Restart HAProxy after updating the configuration:
sudo systemctl restart haproxy sudo systemctl enable haproxy
Magento 2 Database Configuration
In your Magento 2 `app/etc/env.php` file, configure the database connection to point to the HAProxy listener.
<?php
return [
'backend' => [
'frontName' => 'admin_your_secret_path'
],
'crypt' => [
'key' => 'your_crypt_key_here'
],
'db' => [
'connection' => [
'default' => [
'host' => 'HAPROXY_IP_OR_HOSTNAME', // IP or hostname of your HAProxy server
'port' => '5432', // The port HAProxy listens on for PostgreSQL
'dbname' => 'magento_db',
'username' => 'magento_user',
'password' => 'YOUR_MAGENTO_DB_PASSWORD',
'model' => 'mysql4',
'initStatements' => 'SET NAMES utf8',
'driver_options' => [
1002 => 'SET NAMES utf8'
]
],
'innodb_strict_mode' => true,
'use_ssl' => '0' // Set to '1' if using SSL
],
'default_setup' => [
'host' => 'HAPROXY_IP_OR_HOSTNAME',
'port' => '5432',
'dbname' => 'magento_db',
'username' => 'magento_user',
'password' => 'YOUR_MAGENTO_DB_PASSWORD',
'model' => 'mysql4',
'initStatements' => 'SET NAMES utf8',
'driver_options' => [
1002 => 'SET NAMES utf8'
]
]
],
// ... other Magento configuration
];
Replace `HAPROXY_IP_OR_HOSTNAME` with the IP address or hostname of your HAProxy server. Magento will now connect through HAProxy, which will direct traffic to the current PostgreSQL master.
Testing Failover
To test the automatic failover:
- Identify the current master node using Patroni’s API: `curl http://ETCD_NODE_IP:8008/cluster`.
- Gracefully stop the PostgreSQL service on the master node: `sudo systemctl stop patroni`.
- Observe Patroni logs on the remaining nodes. Patroni should detect the master’s failure, and one of the replicas should be promoted to master.
- Verify the new master using Patroni’s API again.
- Check if Magento can still connect and perform operations. The HAProxy script should have updated its backend to point to the new master.
- Once the old master is back online, Patroni will configure it as a replica of the new master.

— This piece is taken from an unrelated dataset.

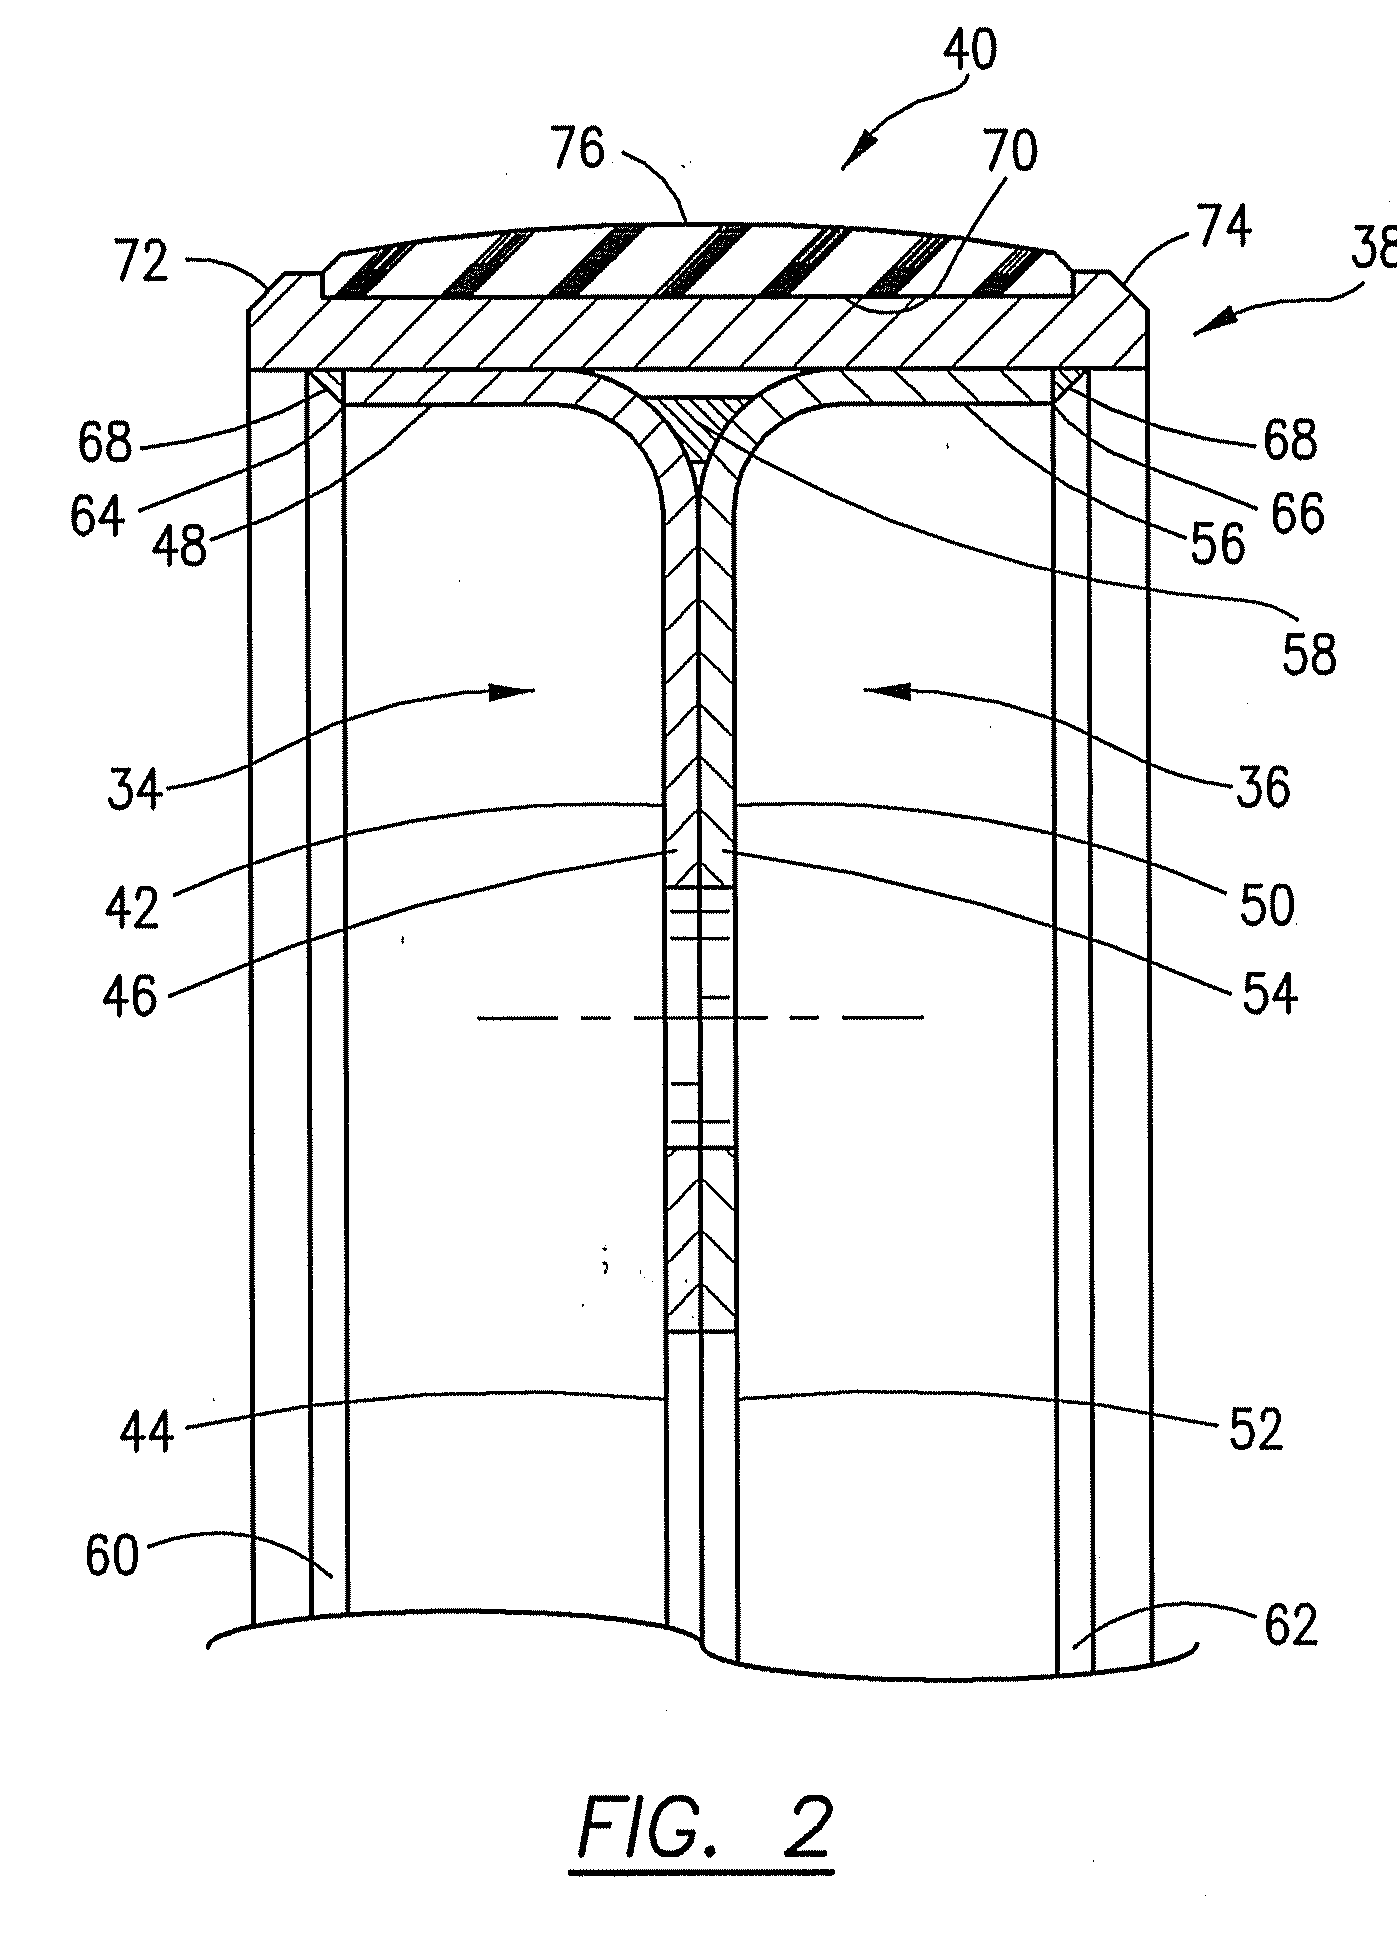 Method and apparatus for transporting construction equipment in an enclosed container within the hold of a vessel

For a more aggressive test, you can simulate a network partition or forcefully kill the PostgreSQL process on the master node. Ensure your HAProxy health checks and the dynamic backend script are robust enough to handle these scenarios.
Securing the PostgreSQL Cluster
Production deployments require enhanced security:
- SSL/TLS: Encrypt communication between Patroni nodes, etcd, PostgreSQL clients, and HAProxy.
- Firewall Rules: Restrict access to PostgreSQL ports (5432) and Patroni API ports (8008) to only necessary IPs (e.g., HAProxy, Magento application servers).
- etcd Security: Configure etcd with TLS and authentication.
- PostgreSQL Authentication: Use strong passwords and consider certificate-based authentication.
- HAProxy ACLs: Implement access control lists in HAProxy to further restrict access.
By implementing Patroni for PostgreSQL HA and HAProxy with dynamic backend management for traffic routing, you can achieve a highly available and resilient database layer for your Magento 2 deployment on Linode.